Parallelized Script (-P4)
Average (Min) (Max) (Sample Standard Deviation)
real 11.6503 10.85 12.539 0.454745
user 24.0593 23.677 25.046 0.272982
sys 10.1135 9.891 10.498 0.151753

So how did I parallelize it?

  1. Create a version of my original script that operates on a single file:

    #!/usr/bin/env bash  
    # Offset is approximately 17 hours 17 minutes  
    NEWDATE=$(date -j -v+17H -v +17M -f "%m/%d/%Y %H:%M:%S" "$(GetFileInfo -m $1)" +"%m/%d/%Y %H:%M:%S")  
    echo $1 - $NEWDATE  
    # Adjust modification time:  
    SetFile -m "$NEWDATE" "$1"  
    # Adjust creation date  
    SetFile -d "$NEWDATE" "$1"  
    
  2. Dump the list of files to xargs and have it run the above script on every file. Use the -P4 option to run 4 instances in parallel:2
    find . \( -type f -name '*.JPG' -or -name '*.MP4' \) -print0 | xargs -0 -n1 -P4 ./fix1

Checking our script with dtrace

I have to admit—at one point while writing this post I created a script that was significantly faster….until I realized that I wasn’t actually properly globbing all 337 files I wanted to work with. So how do we know that the faster parallelized version of the script actually ran SetFile just as many times as the non-parallelized version? Well, with dtrace it’s pretty easy to count:[3. In recent versions of OS X you’ll have to turn off System Integrity Protection to get this dtrace command to work. Do so at your own risk.]

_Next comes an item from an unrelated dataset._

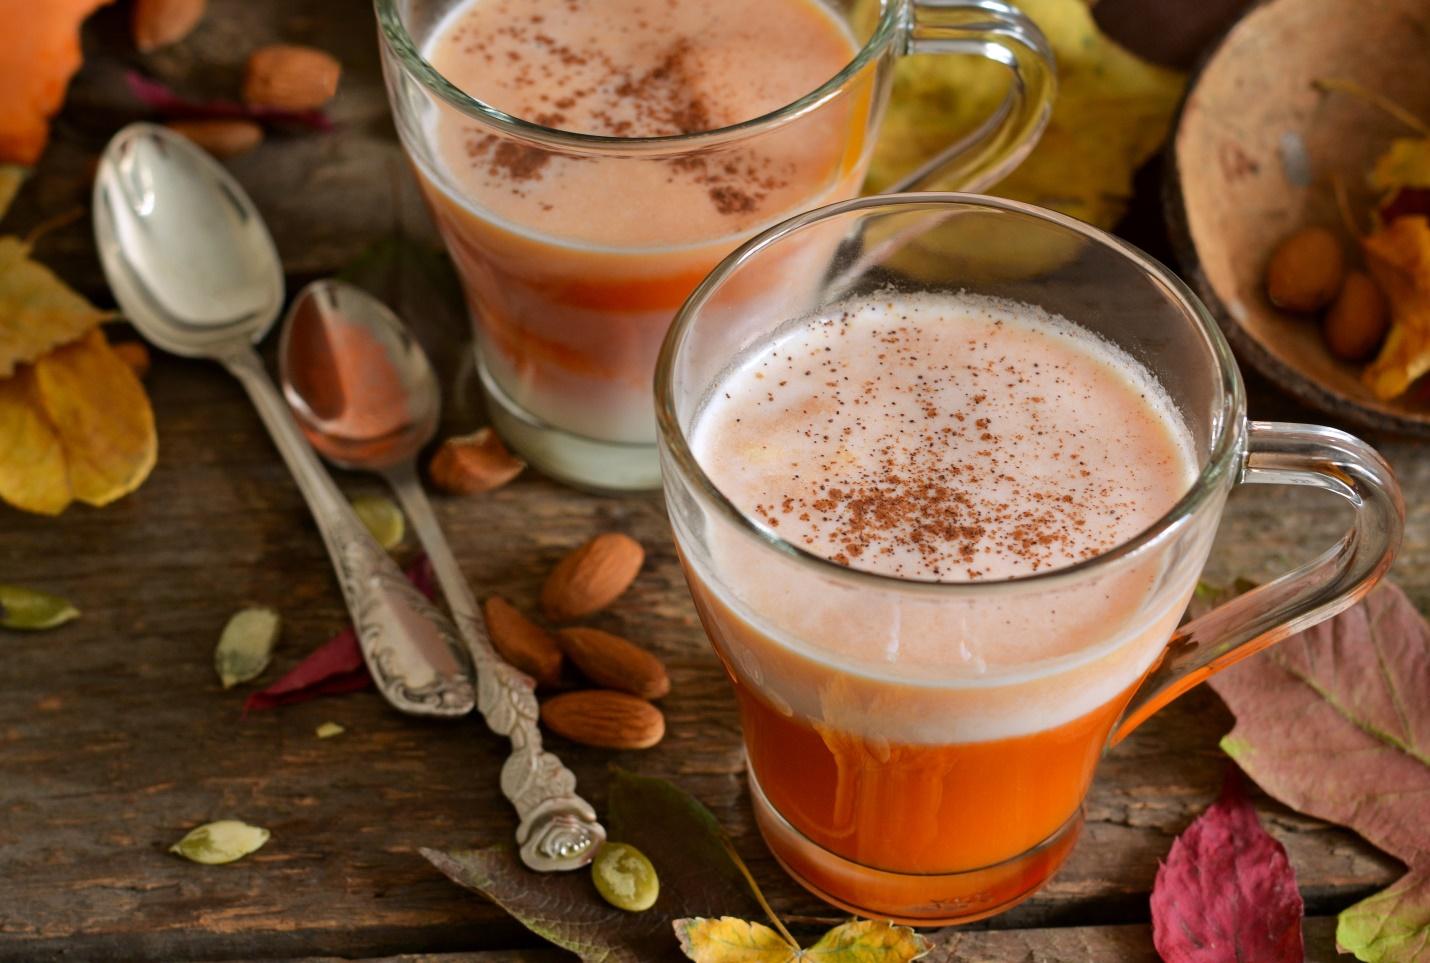 Festive Holiday Coffee Recipes

  1. sudo execsnoop -v > test1
  2. Run test in another window
  3. grep SetFile test1 | wc

In this case, both scripts return the same number of runs of SetFile:-)

So what did I learn?

  • As a tool for quickly parallelizing a shell script, xargs is pretty awesome.
  • Without testing, it’s sometimes not immediately obvious whether a script will benefit from parallelization.
  • Refactoring a script based on a for loop into something parallelizable with find and xargs was super simple. So simple, in fact, that I’ll probably use the [find + xargs + simple script] pattern from the beginning next time.

  1. 20 runs of each script on both battery and wall power, although power source turned out not to have much of an impact on performance. [return]
  2. Given that the machine I’m running this on only has 2 CPU cores (4 logical cores with hyper threading), one might wonder why I chose to run 4 processes in parallel. The answer is simple—in manual testing of a few different levels of parallelization—-P2/-P4/-P350—I found that -P4 seemed to result in the fastest total execution times. For a fascinating discussion of the question of how many threads a program should launch to process a given number of units of work, I highly recommend John Siracusa’s discussion of Grand Central Dispatch in his review of Mac OS X 10.6 Snow Leopard. [return]